- Born: Cecilia Angela Noble 11 June 1966 (age 59) Hackney, London, England
- Education: Royal Central School of Speech and Drama
- Occupation: Actress
- Years active: 1992–present
- Television: The Bill; The Teacher; Killing Eve;

= Cecilia Noble =

British actress

Cecilia Angela Noble (born 11 June 1966) is an English actress who has appeared in various television series, films and on stage with a career spanning over thirty years. Some of her notable television roles include Beverley Jackson in The Bill (2004), Pauline in The Teacher (2022) and Barbara in Killing Eve (2022). Her notable theatre roles include Ruta Skadi in the play His Dark Materials (2003–2004) and Aunt Maggie in Nine Night (2018).

== Life and career ==
Noble was born on 11 June 1966 in Hackney, London and attended Our Lady and St Joseph's Catholic Primary school leaving in 1978. She trained at the Royal Central School of Speech and Drama. She began her acting career in 1992, with her first credited role being Grace Kelley in the crime drama Resnick. In 1995, she played Captain Tara Weldon in two episodes of Space Precinct.
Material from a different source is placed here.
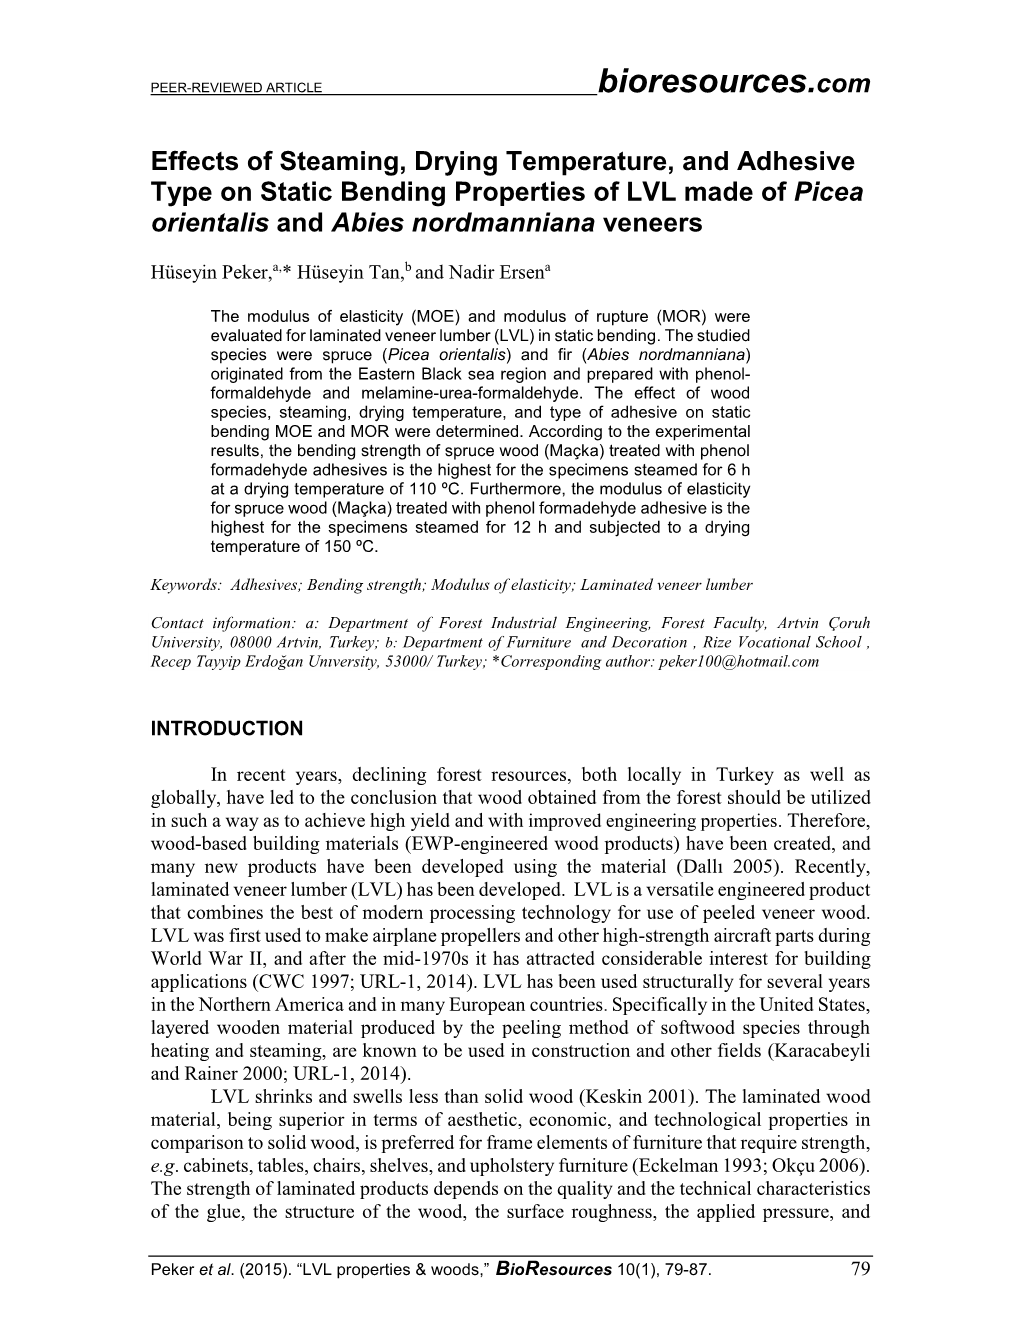 Effects of Steaming, Drying Temperature, and Adhesive Type on Static Bending Properties of LVL Made of Picea Orientalis and Abies Nordmanniana Veneers

In 1997, she appeared in the third series of Thief Takers as Marilyn Parker on a recurring basis. In 2004, Noble portrayed Beverley Jackson in seven episodes of the police drama The Bill. In 2015, she played Myrtle in the drama film Danny and the Human Zoo. In 2018, she appeared in an episode of Death in Paradise. In 2022, Noble appeared in the Channel 5 miniseries The Teacher. She played Pauline, a friend and colleague of co-star Sheridan Smith's character. She also appeared in the final series of Killing Eve as Barbara.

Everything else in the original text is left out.